» **Data excerpts**
----------

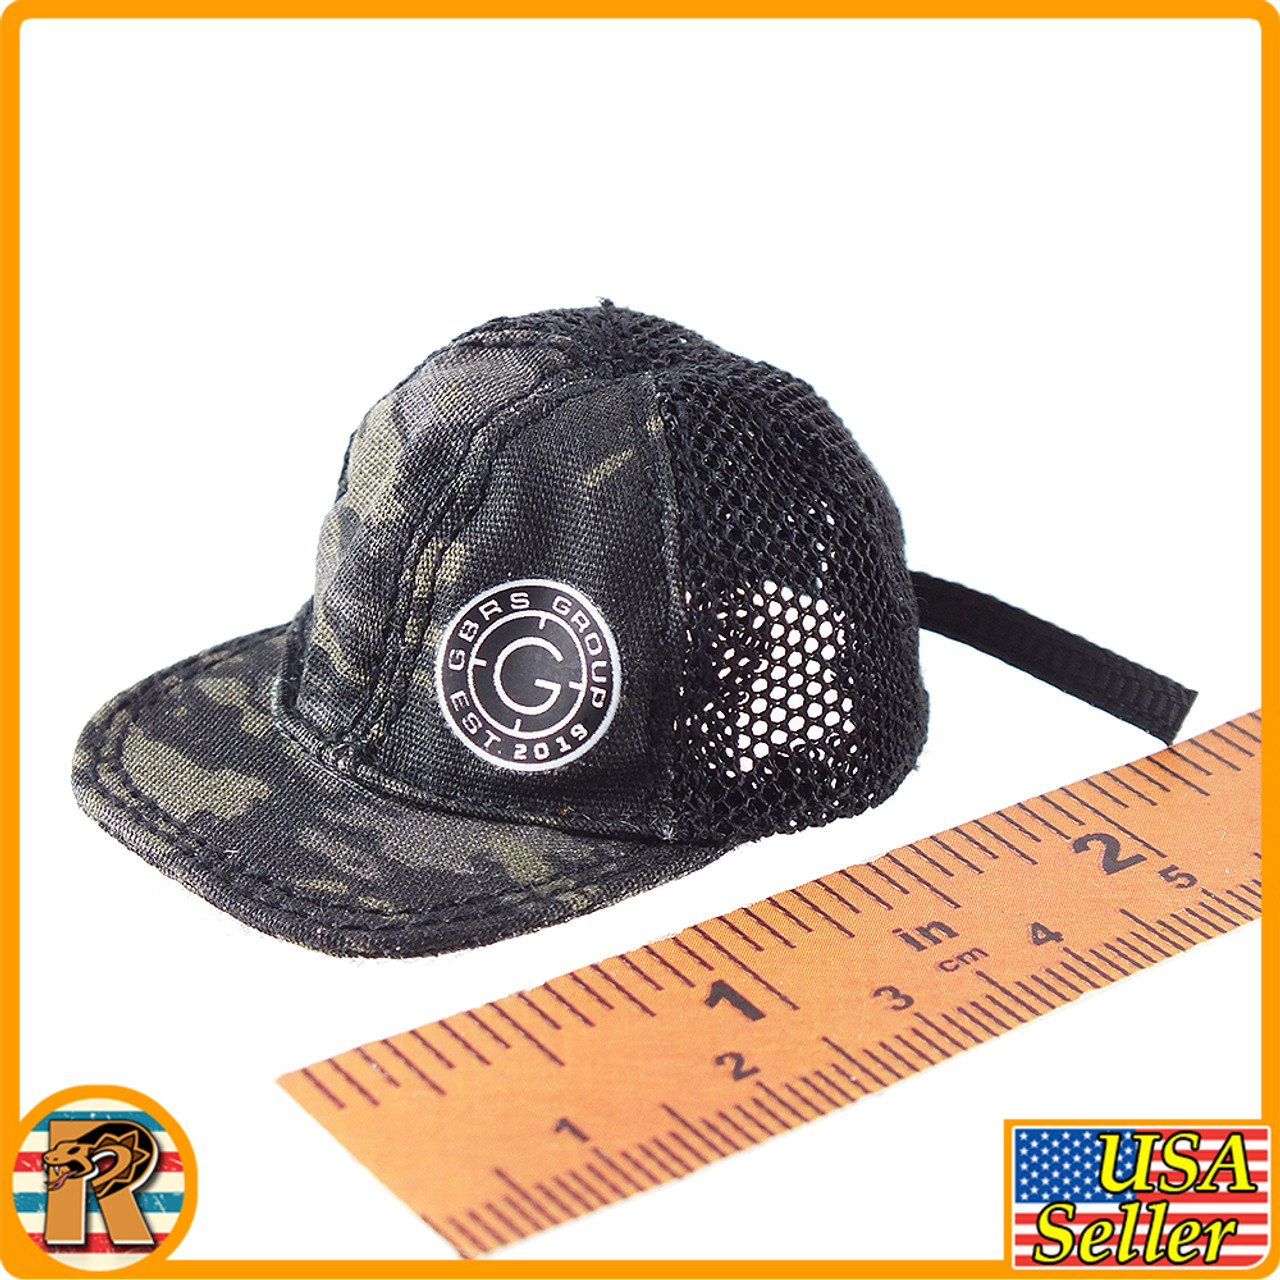 Veteran Tactical Instructor R - Ballcap Hat - 1/6 Scale -
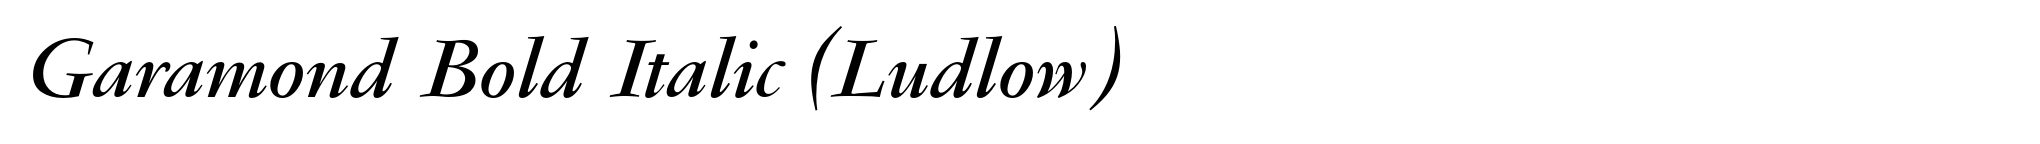 Garamond Bold Italic (Ludlow) image
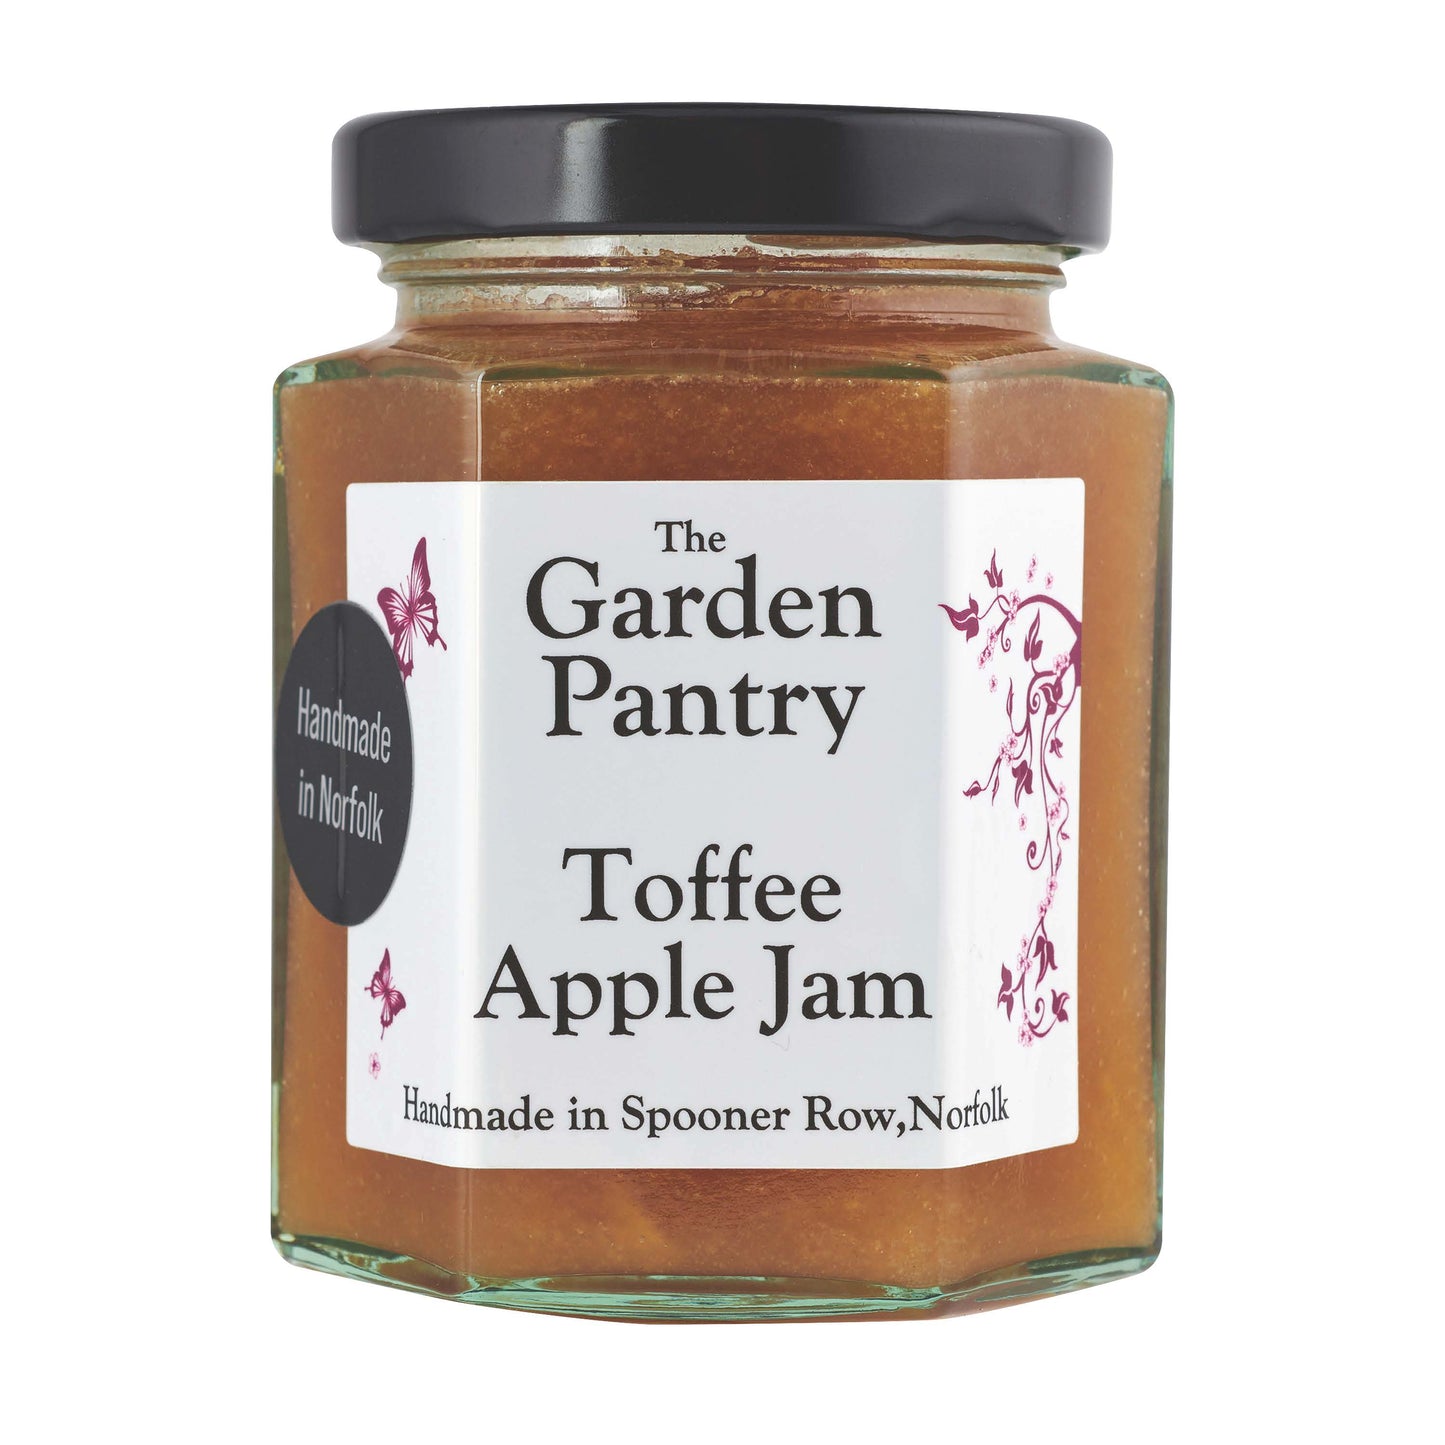 The Garden Pantry Toffee Apple Jam
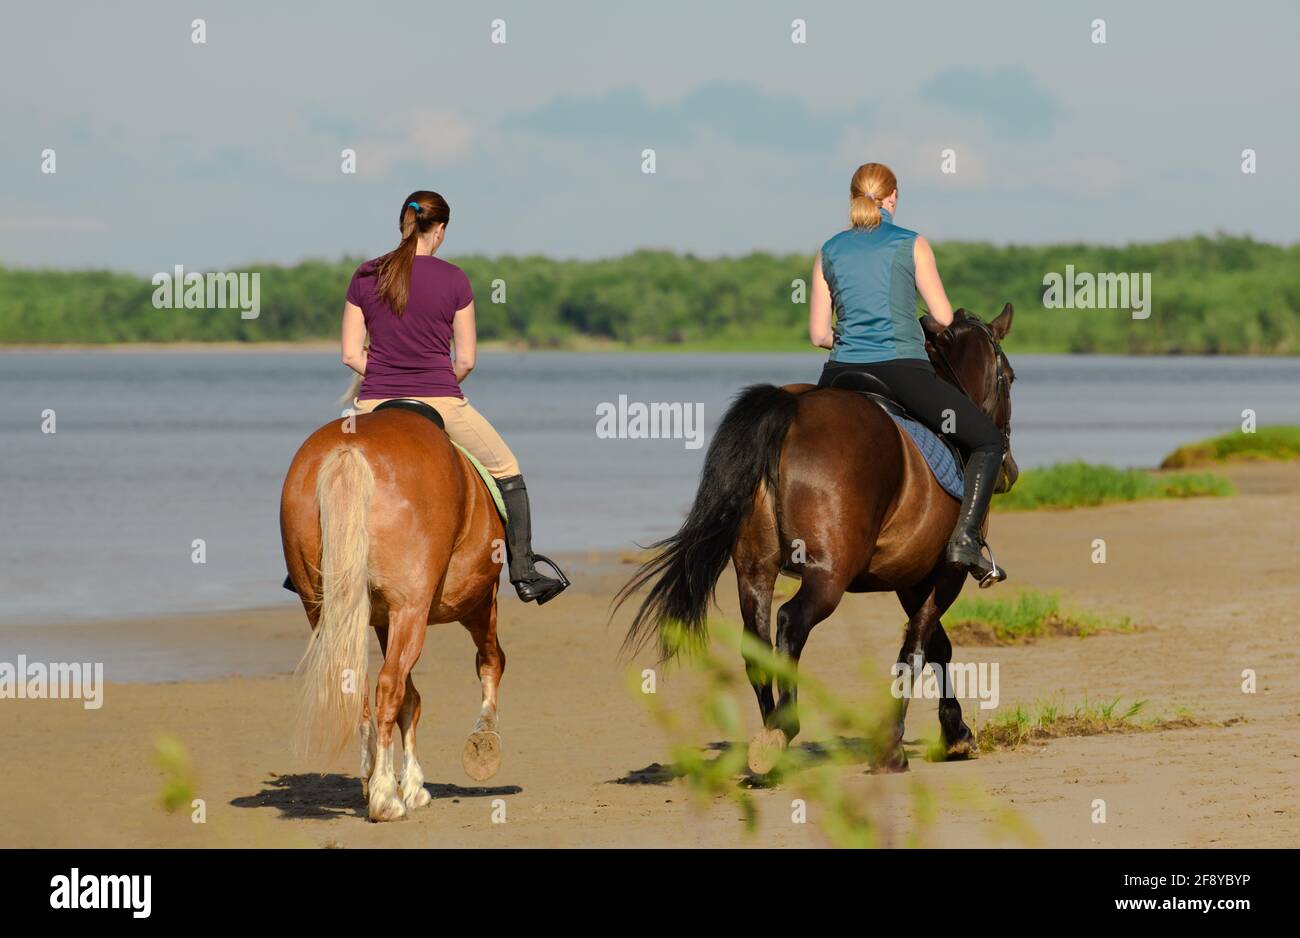 Dos mujeres están montando a caballo en la playa, vista trasera. Foto de stock
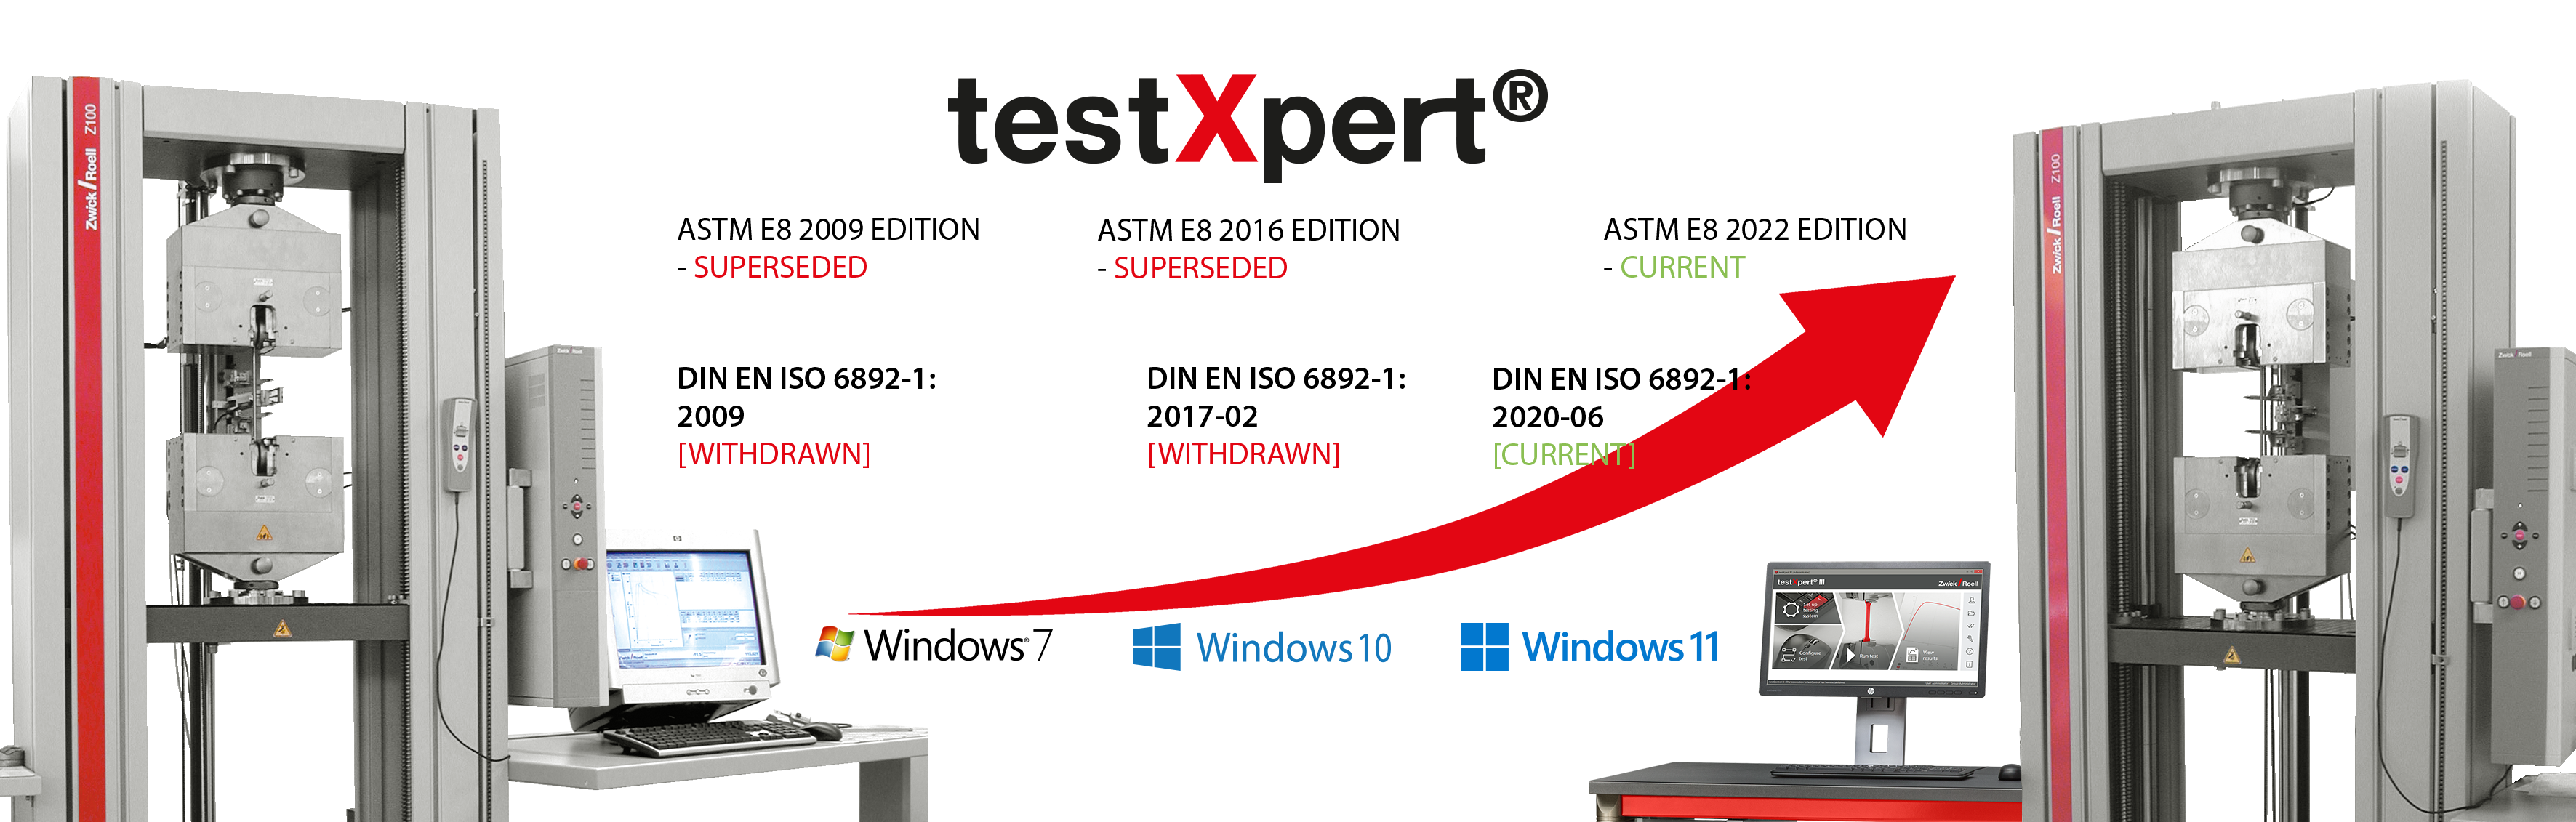 testXpert는 규격이 바뀌어도, 새로운 운영 체제가 도입되어도 사용자와 함께 성장합니다.

----------

» **Exercise prompt**
Output the data above exactly; pictures do not belong in the copy.

» **Output for this task**
 Veteran Tactical Instructor R - Ballcap Hat - 1/6 Scale -
 Garamond Bold Italic (Ludlow) image
 The Garden Pantry Toffee Apple Jam
 Dos mujeres están montando a caballo en la playa, vista trasera. Foto de stock
 testXpert는 규격이 바뀌어도, 새로운 운영 체제가 도입되어도 사용자와 함께 성장합니다.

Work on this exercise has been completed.